I read online people claim it works as a pesticide? It is about the nastiest tasting thing ever (talk about pucker face, lol, trust me), but the seeds are high in fat and protein (30% of each) from what I've read. That awful taste makes me wonder? I read that it's virtually pest free itself? Is there something to the idea of grinding it up and spraying it on other plants in the garden? Any results from anyone?
I pulled a melon off, opened it up, and saved the seeds to see if I can get them to sprout.
Just curious about any positive or negative feedback about them. I threw the cut melon into the chicken coop, and they pecked at it a little. I read it'll clean a human's intestinal track out pretty good......are my chickens going to have the shits for the next month?
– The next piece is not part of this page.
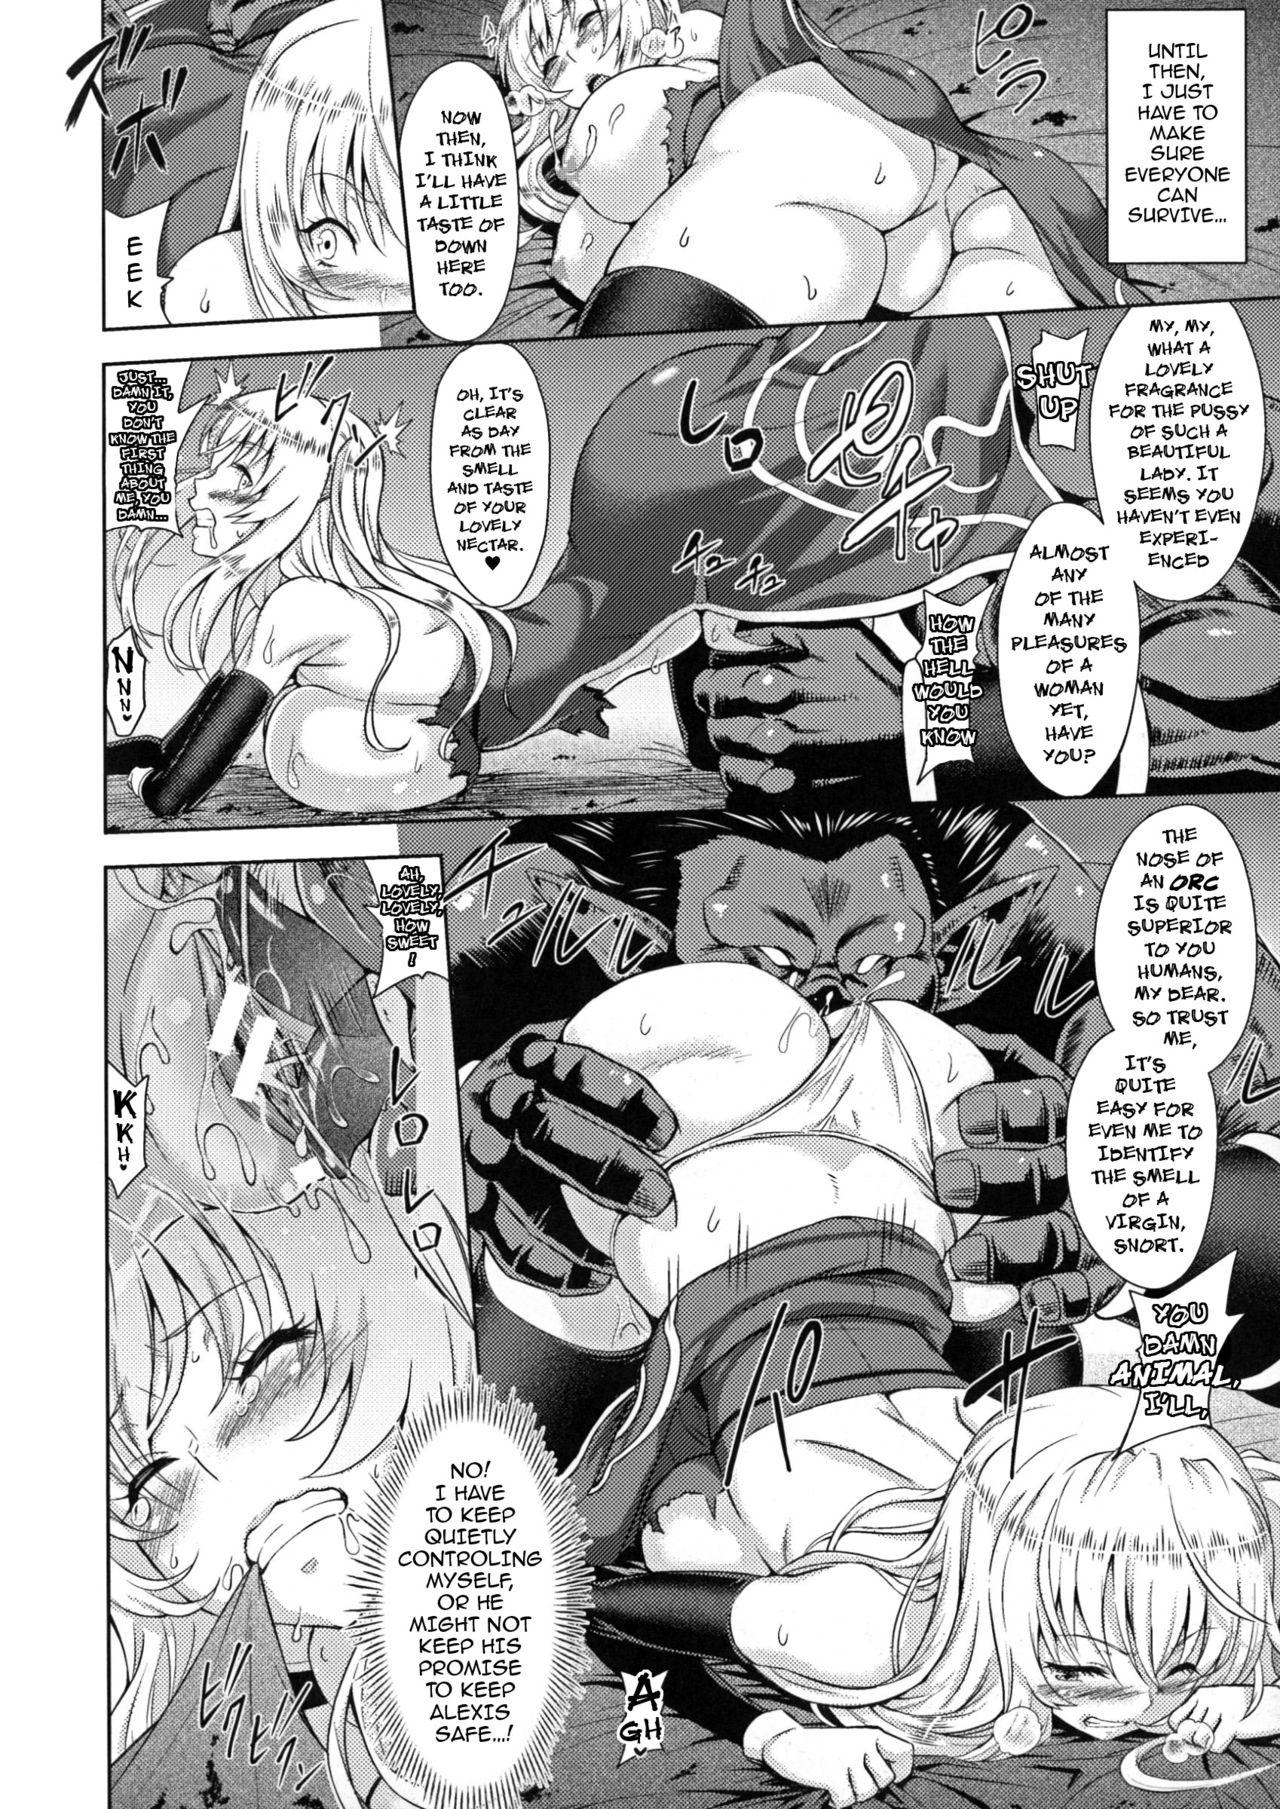 [Yamada Gogogo] Erona ~Orc no Inmon ni Okasareta Onna Kishi no Matsuro~ | Erona ~The Fall of a Beautiful Knight Cursed with the Lewd Mark of an Orc~ Ch. 1-5 [English] {darknight} 14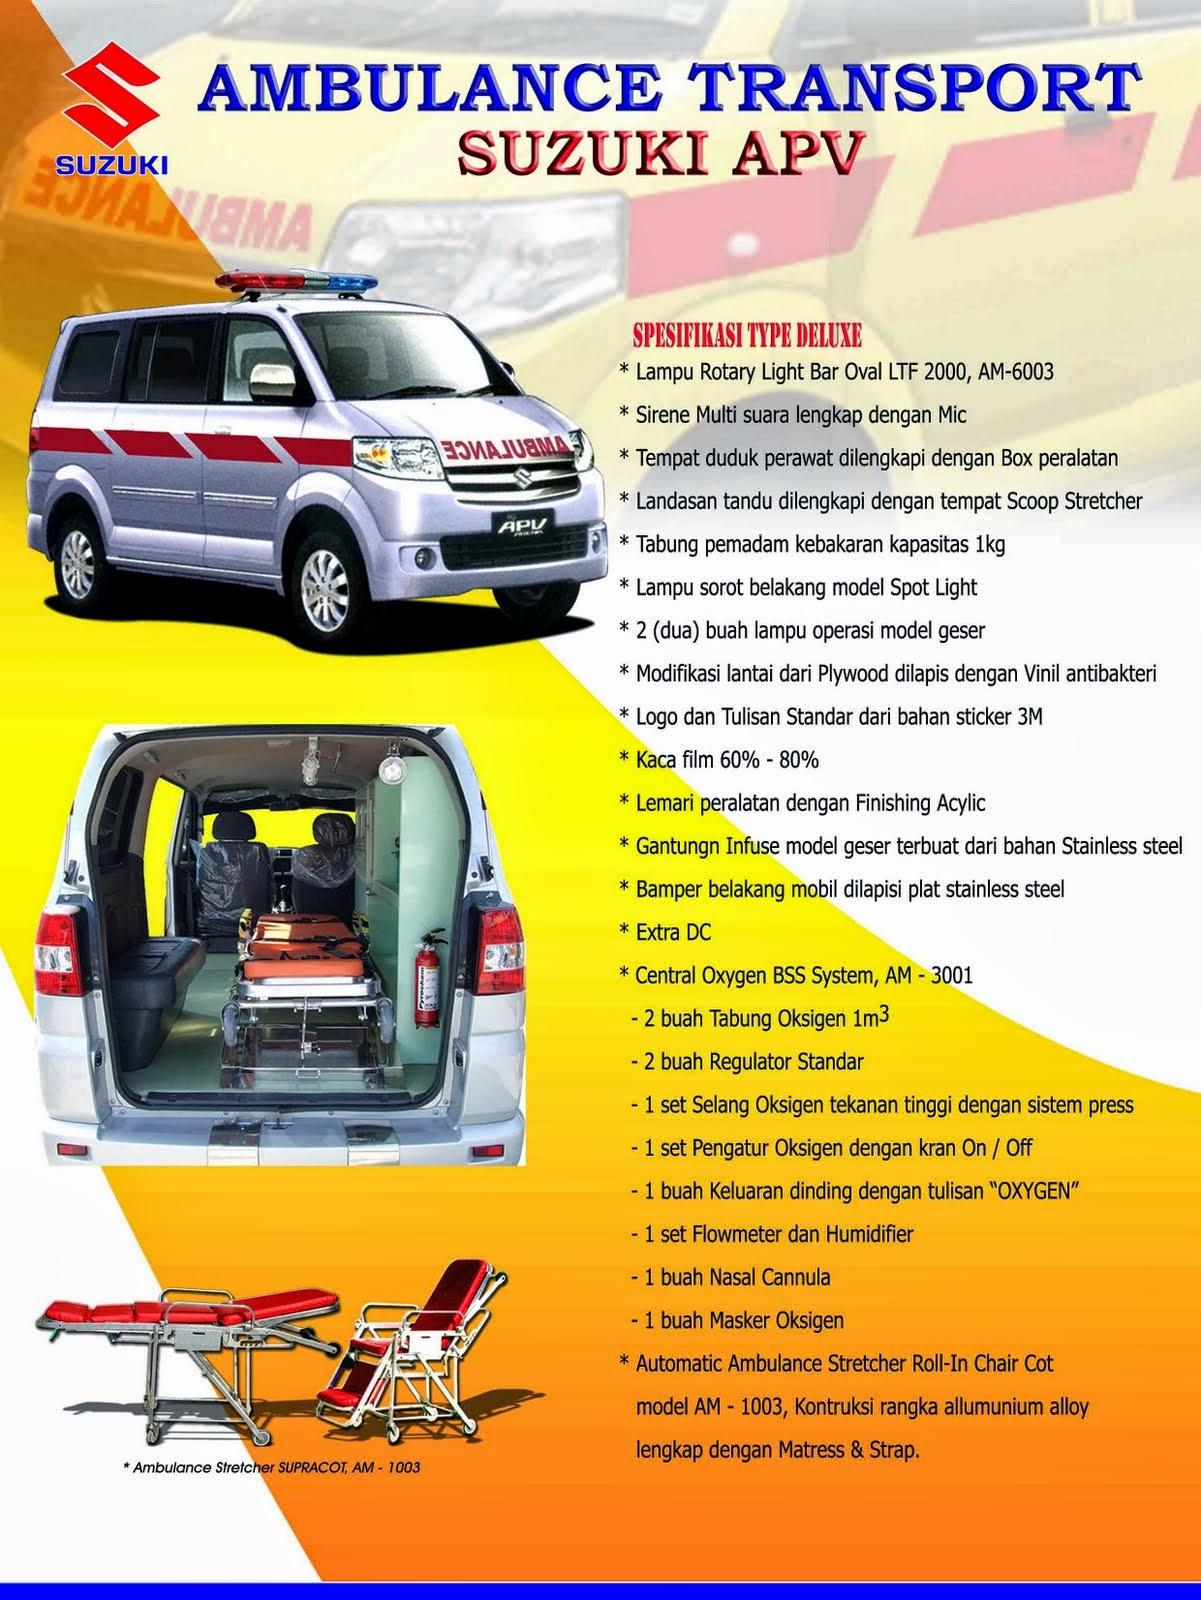 APV Ambulance Spesifikasi Deluxe 2014

It just seems like I should be planting this thing everywhere I can out here. It's perennial, and grows a gigantic tap root. That's what I'm looking for, right? Lot's of survival uses for it, but realistically I don't foresee needing it for that. Just as a perennial that can feed my animals, wont need water, and can be used as compost. Wow if it's an organic pesticide as well? It just seems like it'd be more popular if all that were all true.
Cool. Coyote Melon/Gourd.
" The pulp within the fruit is unpalatable, but was utilized by native people and during the depression, for soap. Clothing laundered with the soap reportedly helps to repel body lice.
The seeds are edible, unlike the pulp, and contain value as a source of protein (31%), and cooking oil (30%). The dried gourds have been used as rattles and containers. After the plant has gone to fruit, the stems dry up and wither away, later to re-sprout from the tuberous root once sufficient rains return."
AKA Chichicoyotl, "Trickster Gourd." O'odham mothers would put the juice on their breasts when they wanted to wean a toddler. Bet it worked the first time...that has got to be the bitterest stuff in existence.
Great fun for batting practice either green or dry.
Location: St. George, UT. Zone 8a Dry/arid. 8" of rain in a good year.
Phil, that is just wrong. How inhumane to do that to a child. Ruined for life after that I'd guess! lol The psychological damage has got to be immeasurable!
Too bad I don't play sports! Probably good to swing a golf club at too? A fun way to propagate the plant for sure!